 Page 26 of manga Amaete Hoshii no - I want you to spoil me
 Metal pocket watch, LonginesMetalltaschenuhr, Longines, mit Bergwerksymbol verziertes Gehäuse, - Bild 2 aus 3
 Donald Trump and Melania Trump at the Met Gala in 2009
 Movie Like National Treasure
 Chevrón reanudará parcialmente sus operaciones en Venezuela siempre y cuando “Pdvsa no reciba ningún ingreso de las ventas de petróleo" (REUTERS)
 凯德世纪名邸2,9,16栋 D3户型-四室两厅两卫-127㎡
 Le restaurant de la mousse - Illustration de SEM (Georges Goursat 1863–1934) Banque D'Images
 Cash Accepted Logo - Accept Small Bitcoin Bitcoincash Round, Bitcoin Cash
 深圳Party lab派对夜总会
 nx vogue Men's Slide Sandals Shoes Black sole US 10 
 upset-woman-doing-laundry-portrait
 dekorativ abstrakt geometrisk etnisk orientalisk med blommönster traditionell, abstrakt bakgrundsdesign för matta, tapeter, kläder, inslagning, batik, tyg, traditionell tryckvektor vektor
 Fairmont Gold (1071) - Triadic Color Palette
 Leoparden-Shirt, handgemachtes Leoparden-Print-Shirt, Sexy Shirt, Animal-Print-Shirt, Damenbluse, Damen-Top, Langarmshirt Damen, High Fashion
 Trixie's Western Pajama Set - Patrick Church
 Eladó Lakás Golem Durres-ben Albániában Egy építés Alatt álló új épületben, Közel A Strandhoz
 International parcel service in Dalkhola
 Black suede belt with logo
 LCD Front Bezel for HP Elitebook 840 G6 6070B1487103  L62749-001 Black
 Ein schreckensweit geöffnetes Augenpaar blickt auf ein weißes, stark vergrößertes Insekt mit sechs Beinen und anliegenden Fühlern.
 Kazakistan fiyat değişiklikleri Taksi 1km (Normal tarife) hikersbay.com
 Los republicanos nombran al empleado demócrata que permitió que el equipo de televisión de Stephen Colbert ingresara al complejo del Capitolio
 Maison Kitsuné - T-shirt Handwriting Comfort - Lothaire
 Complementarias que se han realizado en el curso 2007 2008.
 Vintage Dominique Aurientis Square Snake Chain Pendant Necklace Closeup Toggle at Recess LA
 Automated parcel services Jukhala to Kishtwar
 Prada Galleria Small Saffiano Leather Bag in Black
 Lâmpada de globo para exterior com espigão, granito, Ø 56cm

○ ○ ○

Your objective -
Restate exactly, and only, every line from the one that contains "深圳Party lab派对夜总会" through the last line of the records.

Exercise result -
 深圳Party lab派对夜总会
 nx vogue Men's Slide Sandals Shoes Black sole US 10 
 upset-woman-doing-laundry-portrait
 dekorativ abstrakt geometrisk etnisk orientalisk med blommönster traditionell, abstrakt bakgrundsdesign för matta, tapeter, kläder, inslagning, batik, tyg, traditionell tryckvektor vektor
 Fairmont Gold (1071) - Triadic Color Palette
 Leoparden-Shirt, handgemachtes Leoparden-Print-Shirt, Sexy Shirt, Animal-Print-Shirt, Damenbluse, Damen-Top, Langarmshirt Damen, High Fashion
 Trixie's Western Pajama Set - Patrick Church
 Eladó Lakás Golem Durres-ben Albániában Egy építés Alatt álló új épületben, Közel A Strandhoz
 International parcel service in Dalkhola
 Black suede belt with logo
 LCD Front Bezel for HP Elitebook 840 G6 6070B1487103  L62749-001 Black
 Ein schreckensweit geöffnetes Augenpaar blickt auf ein weißes, stark vergrößertes Insekt mit sechs Beinen und anliegenden Fühlern.
 Kazakistan fiyat değişiklikleri Taksi 1km (Normal tarife) hikersbay.com
 Los republicanos nombran al empleado demócrata que permitió que el equipo de televisión de Stephen Colbert ingresara al complejo del Capitolio
 Maison Kitsuné - T-shirt Handwriting Comfort - Lothaire
 Complementarias que se han realizado en el curso 2007 2008.
 Vintage Dominique Aurientis Square Snake Chain Pendant Necklace Closeup Toggle at Recess LA
 Automated parcel services Jukhala to Kishtwar
 Prada Galleria Small Saffiano Leather Bag in Black
 Lâmpada de globo para exterior com espigão, granito, Ø 56cm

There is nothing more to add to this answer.